Please copy exactly the line that contains "nordstrom anniversary sale, try-on" and every line after it through the end of the records, leaving the pictures out.

.....

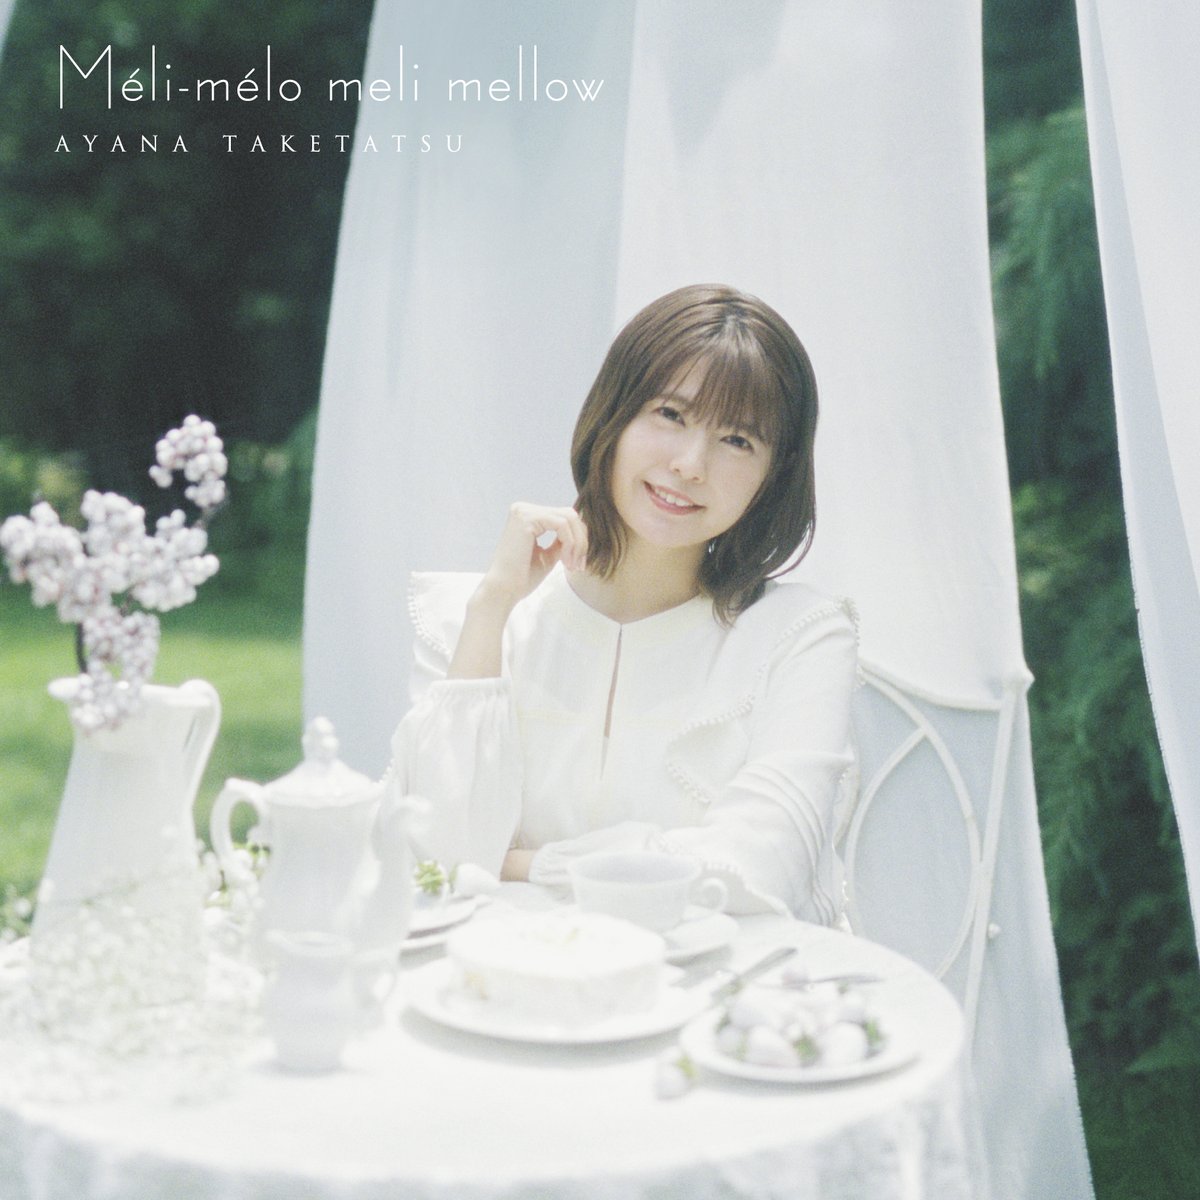 Cover art for『Ayana Taketatsu - 世界が一瞬だけ恋をするような時間』from the release『Méli-mélo meli mellow
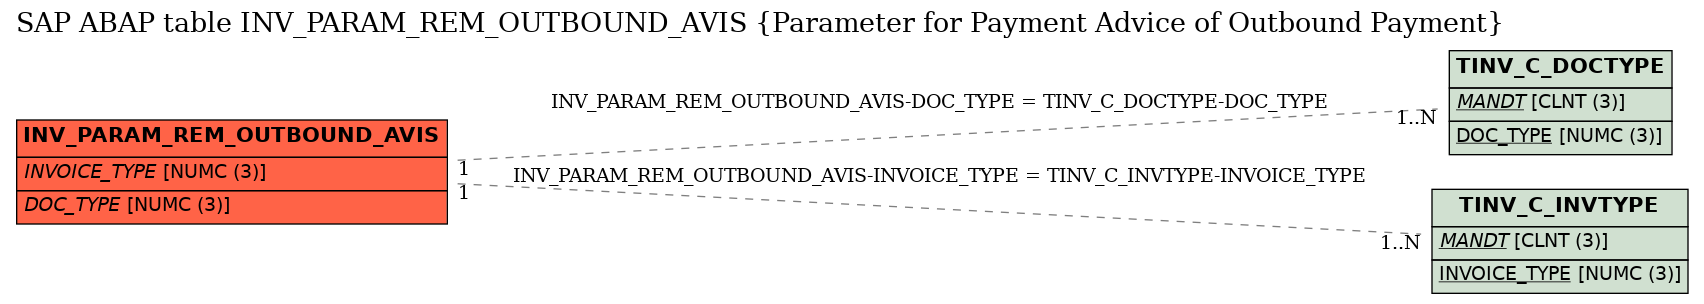 E-R Diagram for table INV_PARAM_REM_OUTBOUND_AVIS (Parameter for Payment Advice of Outbound Payment)
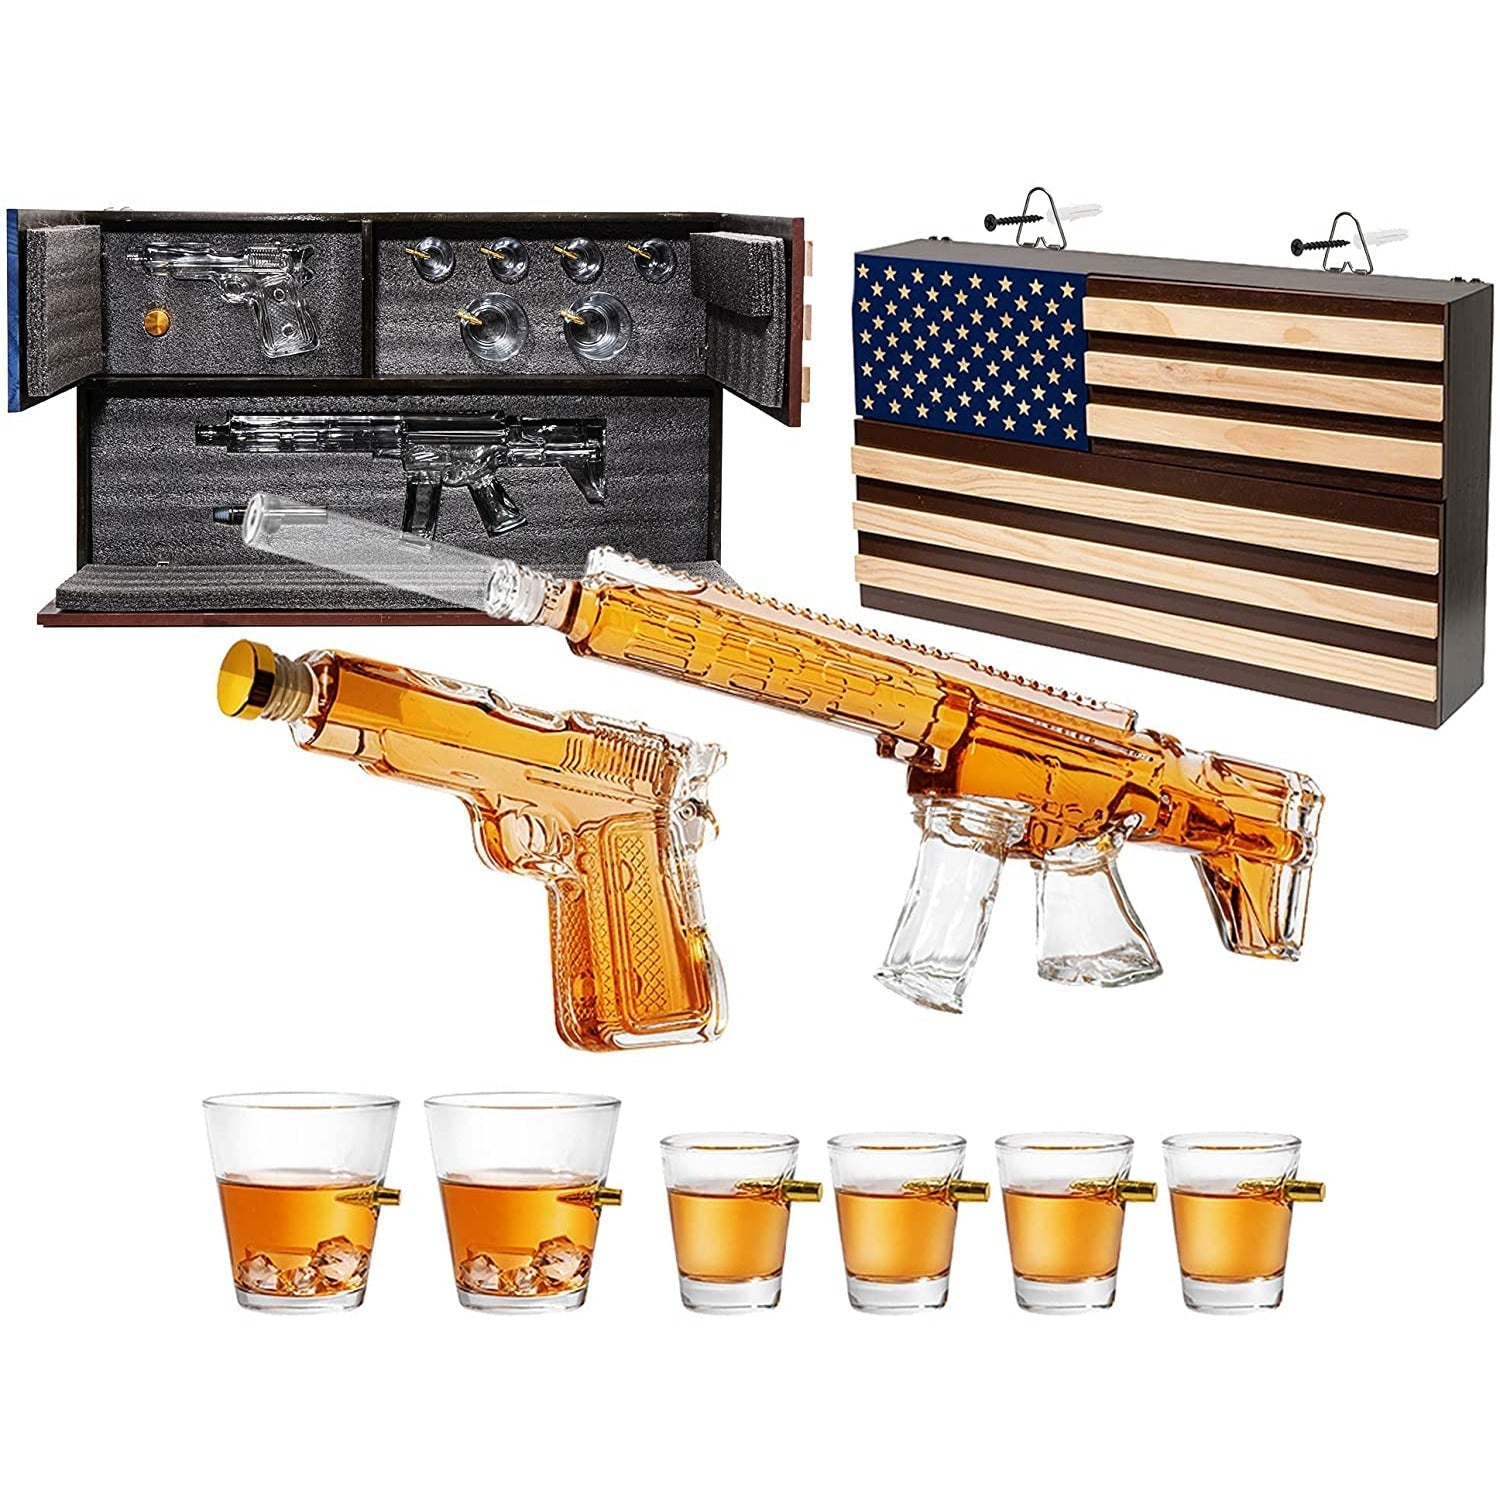 Pistol & AR15 Whiskey Decanter Set of 2 on Hidden Storage American Flag Wall Rack by The Wine Savant with 4 Bullet Shot Glasses & 2 Bullet Whiskey Glasses - Veteran Gifts, Military Gift, Home Bar Gift-0
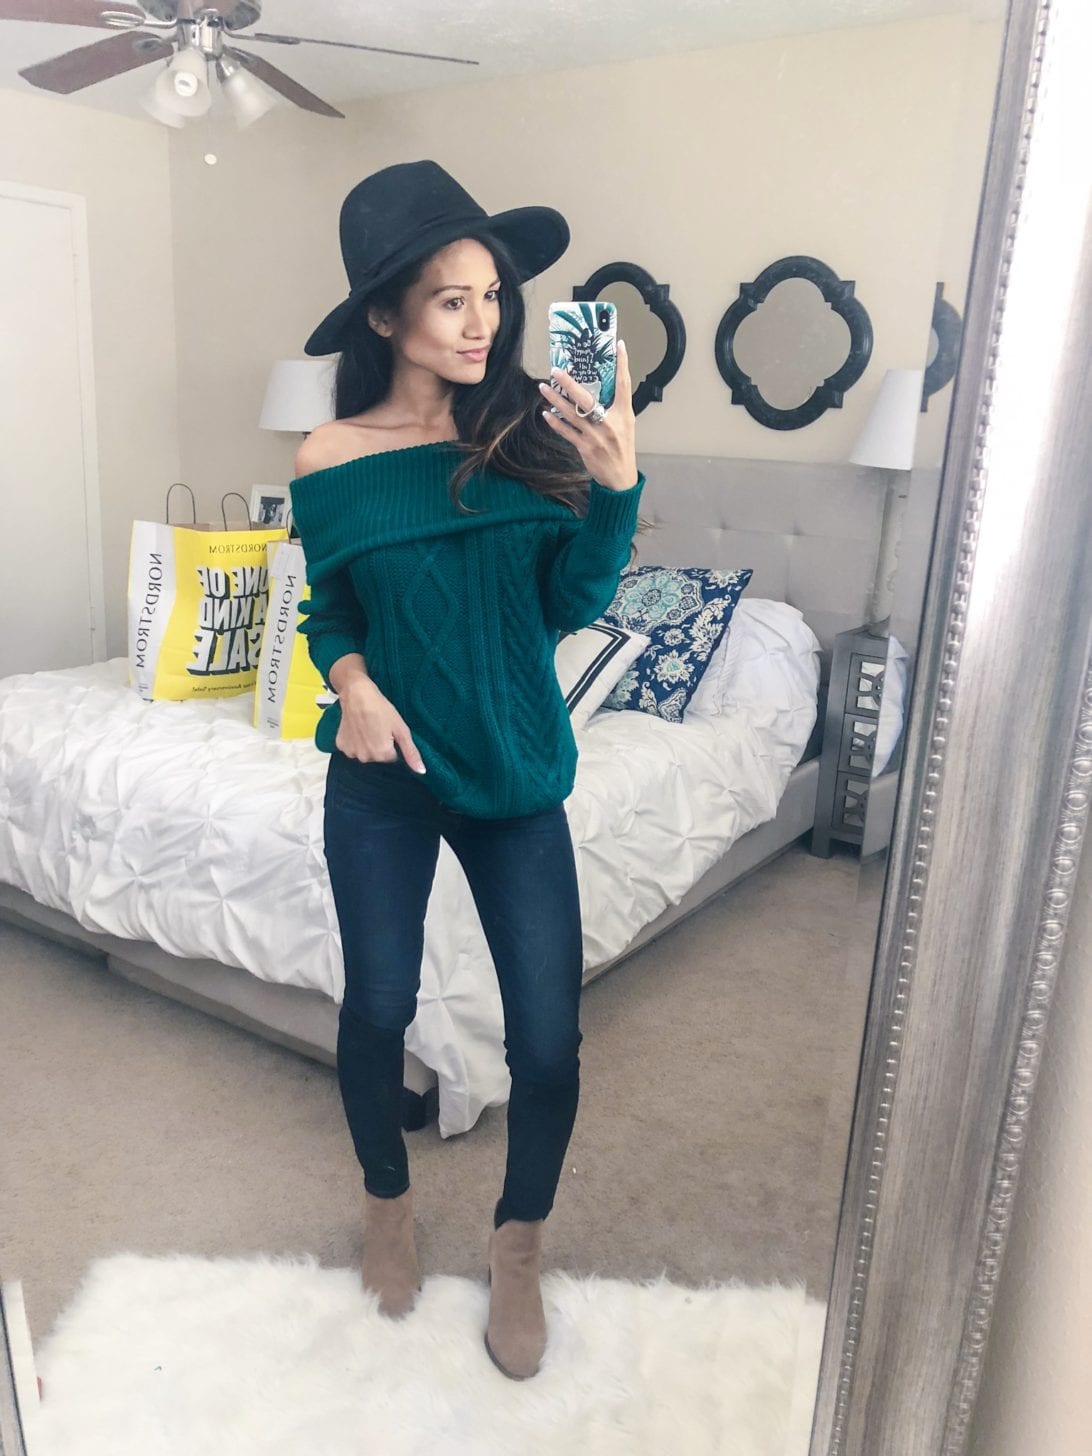 nordstrom anniversary sale, try-on session, love it or leave it, petite style, petite fashion, off the shoulder sweater, fall style, black Panama hat
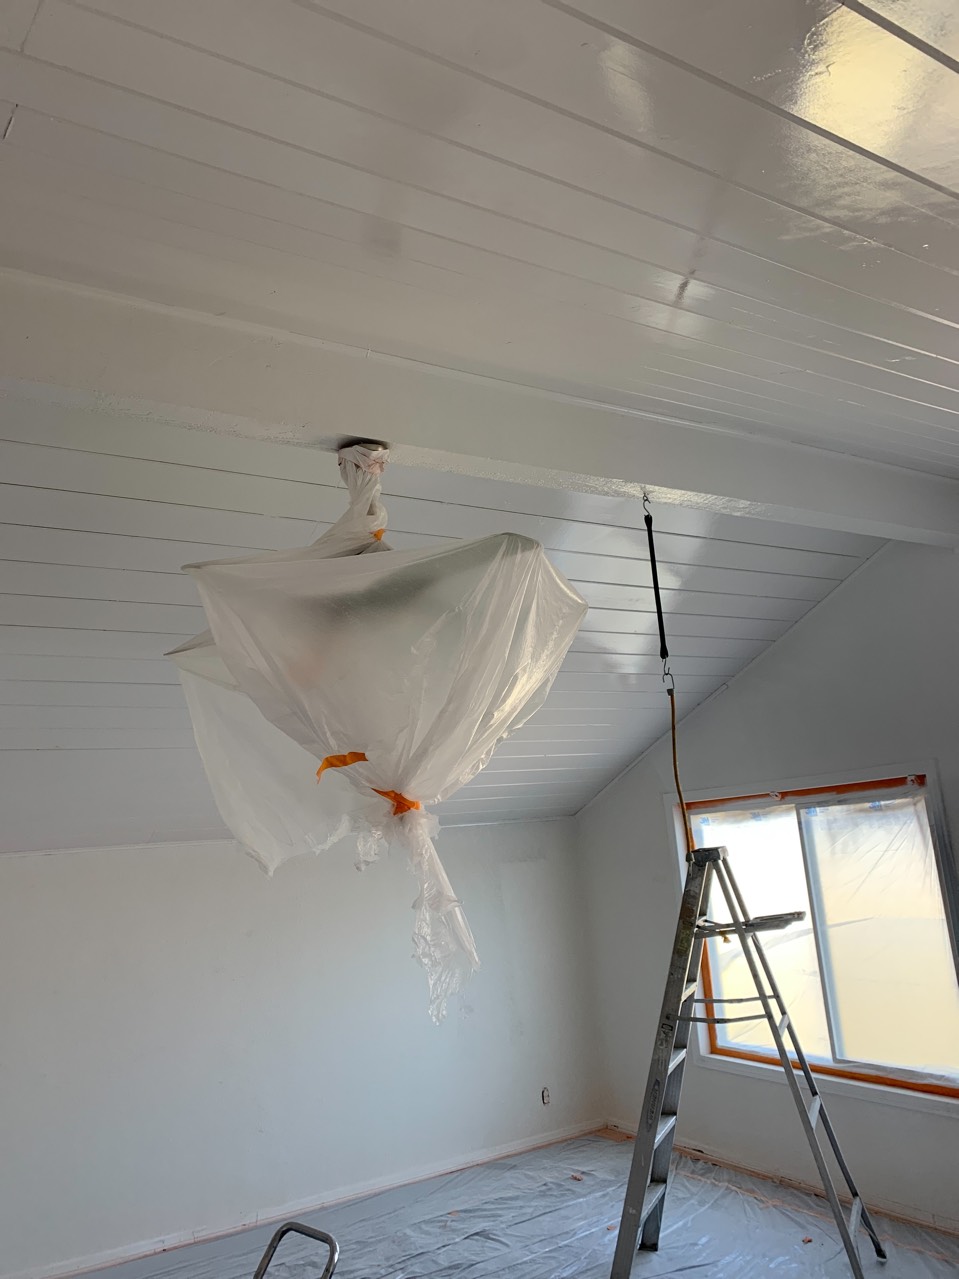 Preparing to paint an interior room in Scripps.

.....

▶ [Task solution]
 nordstrom anniversary sale, try-on session, love it or leave it, petite style, petite fashion, off the shoulder sweater, fall style, black Panama hat
 Preparing to paint an interior room in Scripps.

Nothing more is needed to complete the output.